- Directed by: Lesley Selander
- Written by: Norman Houston
- Produced by: Herman Schlom
- Starring: Tim Holt Joan Dixon
- Cinematography: J. Roy Hunt
- Edited by: Douglas Biggs
- Music by: C. Bakaleinikoff
- Distributed by: RKO Pictures
- Release date: July 27, 1951;
- Running time: 60 mins
- Country: United States
- Language: English
- Budget: $93,000

= Pistol Harvest =

1951 film by Lesley Selander

Pistol Harvest is a 1951 Western film starring Tim Holt and released by RKO Pictures.

==Plot==
In the Old West, abandoned siblings Johnny and Felice seek help in the desert. Cattle rancher Terry Moran rescues Felice and raises her to adulthood. Fifteen years later, Felice has fallen in love with Tim, one of Moran's cowhands. Tim and his sidekick Chito Rafferty hunt two cattle thieves named Jack and Andy. The thieves apologize, claiming they are hungry and need money. Tim gives them money, but Chito remains suspicious. At a bank, Tim and Chito withdraw $30,000 in cash for as payment for cattle that Moran had sold. The banker, Elias Norton, plans to steal the money. He hires Jack and Andy to unsuccessfully ambush Tim and Chito.

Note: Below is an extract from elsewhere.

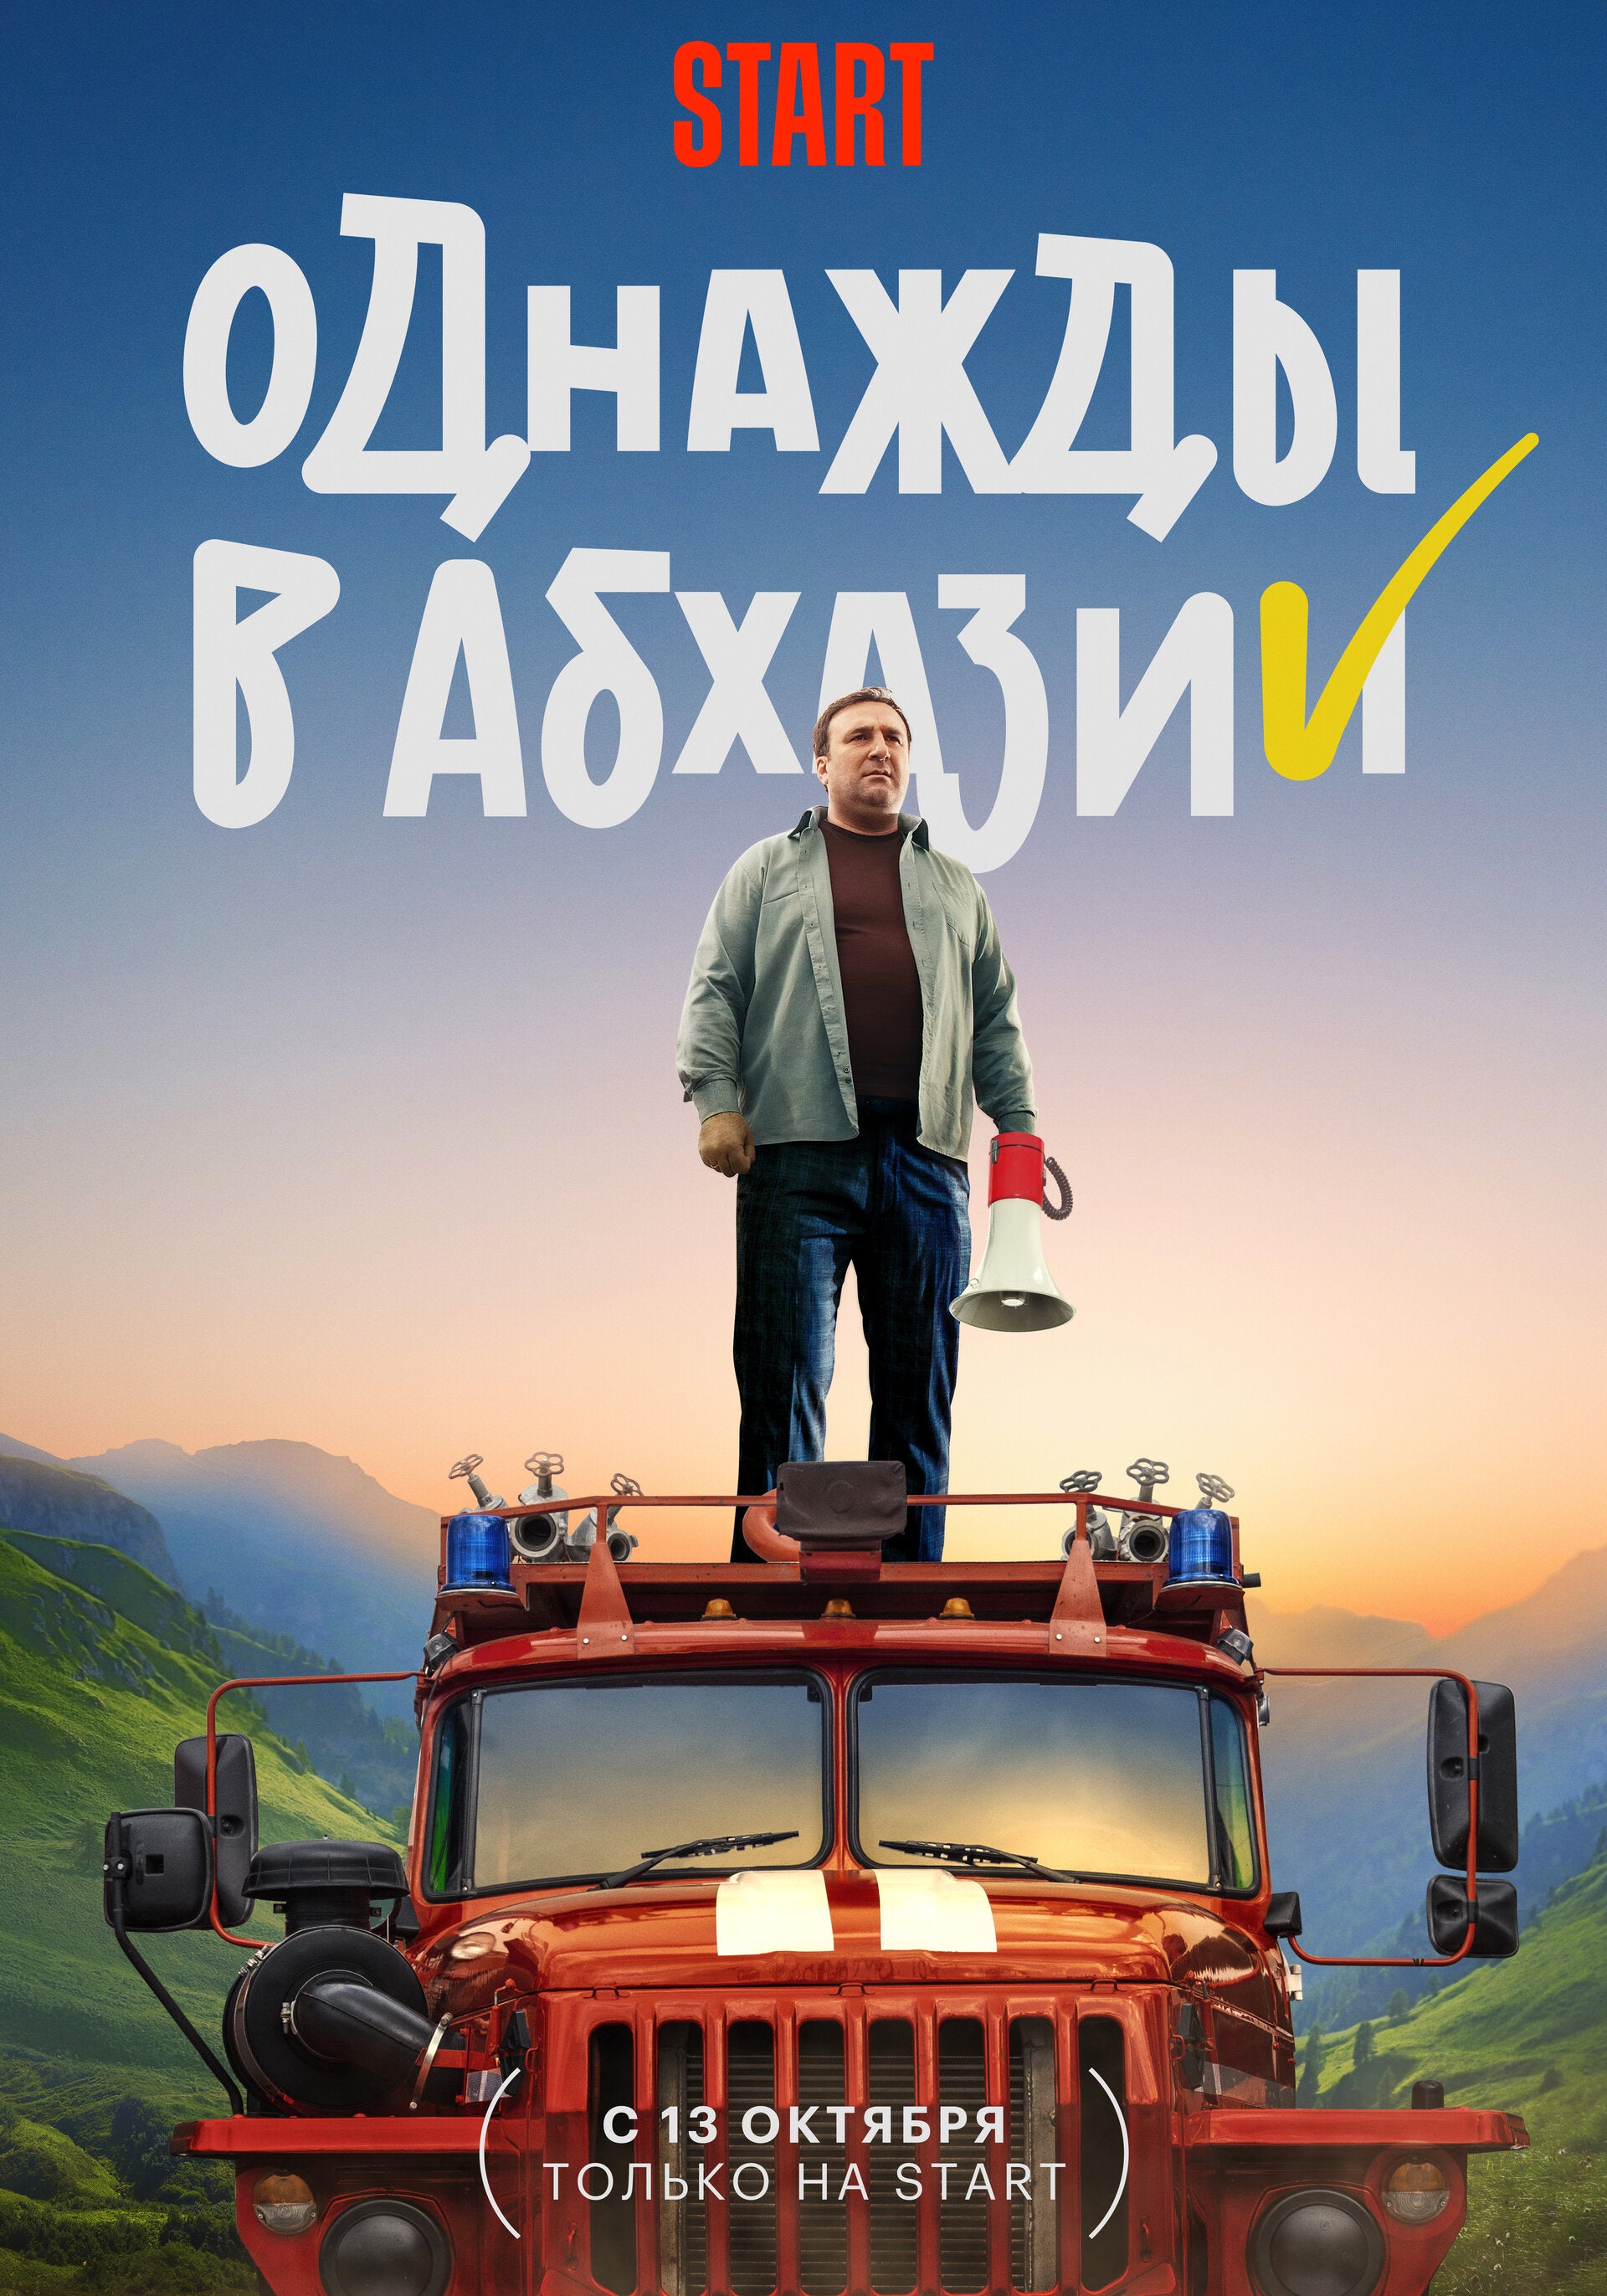 TV ratings for Odnazhdy V Abkhazii (Однажды В Абхазии) in the United States. START TV series

Norton asks Moran to lend him the $30,000. Moran refuses, intending to purchase land for Felice. Norton kills Moran, witnessed by Norton's bank employee, Prouty. Tim, Felice and Chito discover Moran's body and Tim suspects Jack and Andy of murder. Tim and Chito chase Jack and Andy, and Jack is caught but Andy escapes. Jack denies the murder, but Tim and the others do not believe him. Jack is held captive at the Moran ranch while Chito summons the sheriff. Andy frees Jack and they engage Tim in a gunfight that wounds Jack. As Chito and the sheriff pursue Jack and Andy, Felice concludes that Jack is her brother Johnny after she and Tim find a gold coin with Johnny's name engraved.

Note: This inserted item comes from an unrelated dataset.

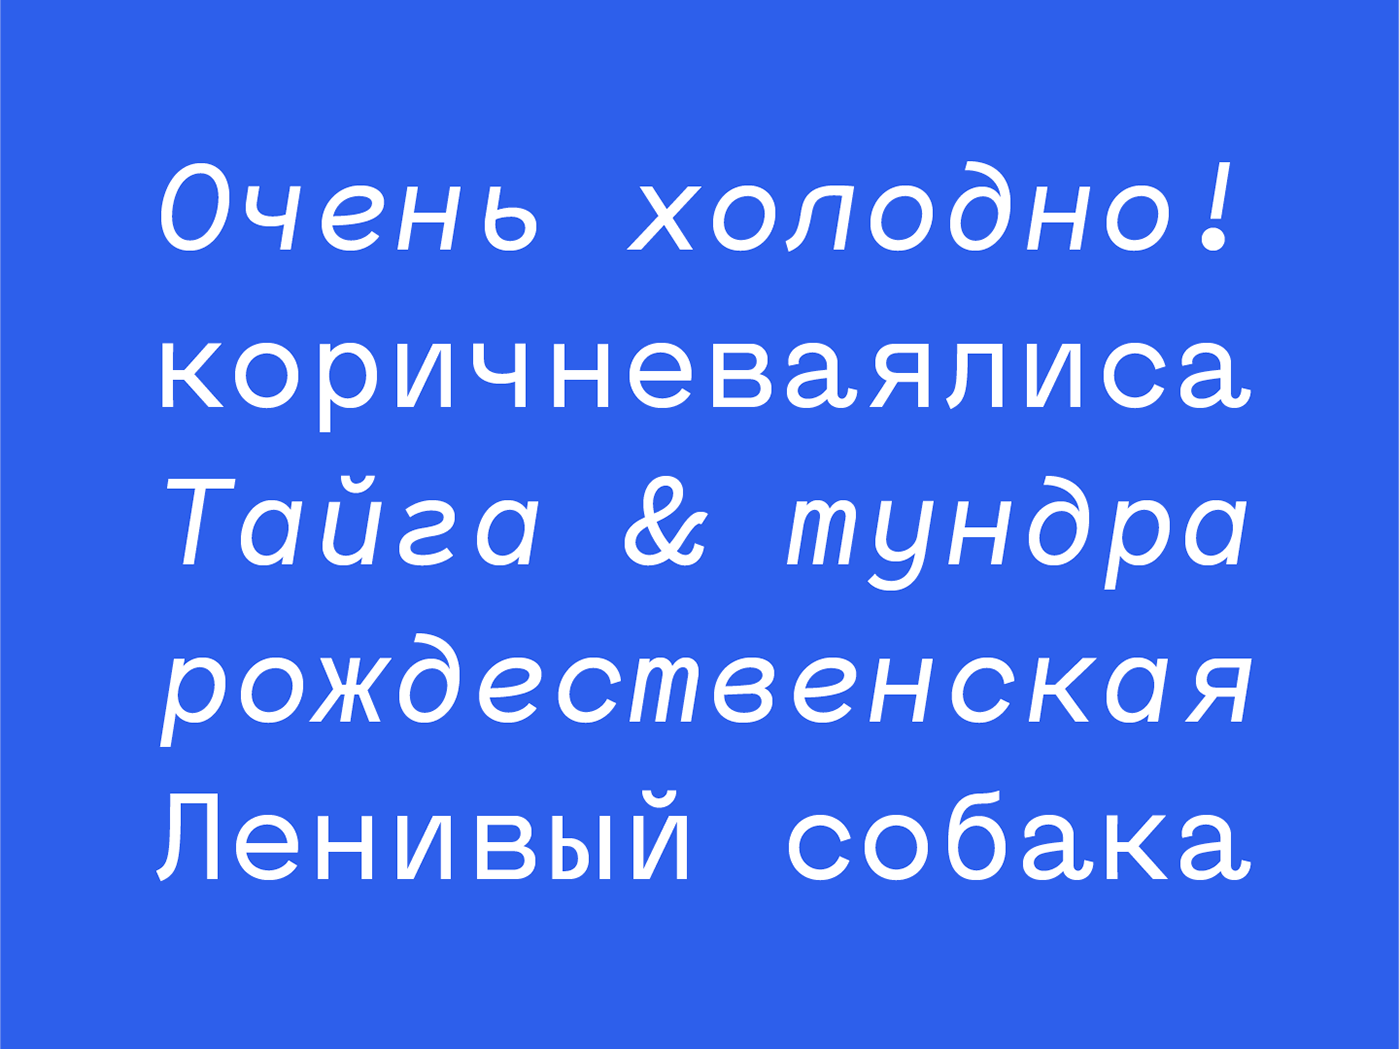 Typeface type font Mono monospace monospaced Menoe Mene Grotesque Menoe Grotesque sans sans serif grotesque hungarumlaut #TYPO16xAdobe

Andy leaves Jack to find a doctor. Tim finds Chito, who split from the sheriff, and they locate and subdue Jack. Tim reunites Jack with Felice, and Jack admits that he and Andy were connected to Norton. To destroy evidence of his criminal activity, Norton sets fire to his warehouse, and he and Prouty leave town on Norton's wagon. Tim and Chito arrive at the warehouse in time to extinguish the fire and they find Andy's body. They pursue Norton and Prouty and capture them. Tim collects Jack at the ranch and they leave to attend Norton's trial. Chito meets them after joking with Felice about his romantic tendencies.

==Cast==
- Tim Holt as Tim
- Richard Martin as Chito Rafferty
- Joan Dixon as Felice Moran
- Edward Hearn as Terry Moran
- Mauritz Hugo as Elias Norton
- Harper Carter as Johnny (child)
- Robert Clarke as Jack/Johnny (adult)
- Robert J. Wilke as Andy
- William Griffith as Prouty
- Joan Freeman as Felice (child)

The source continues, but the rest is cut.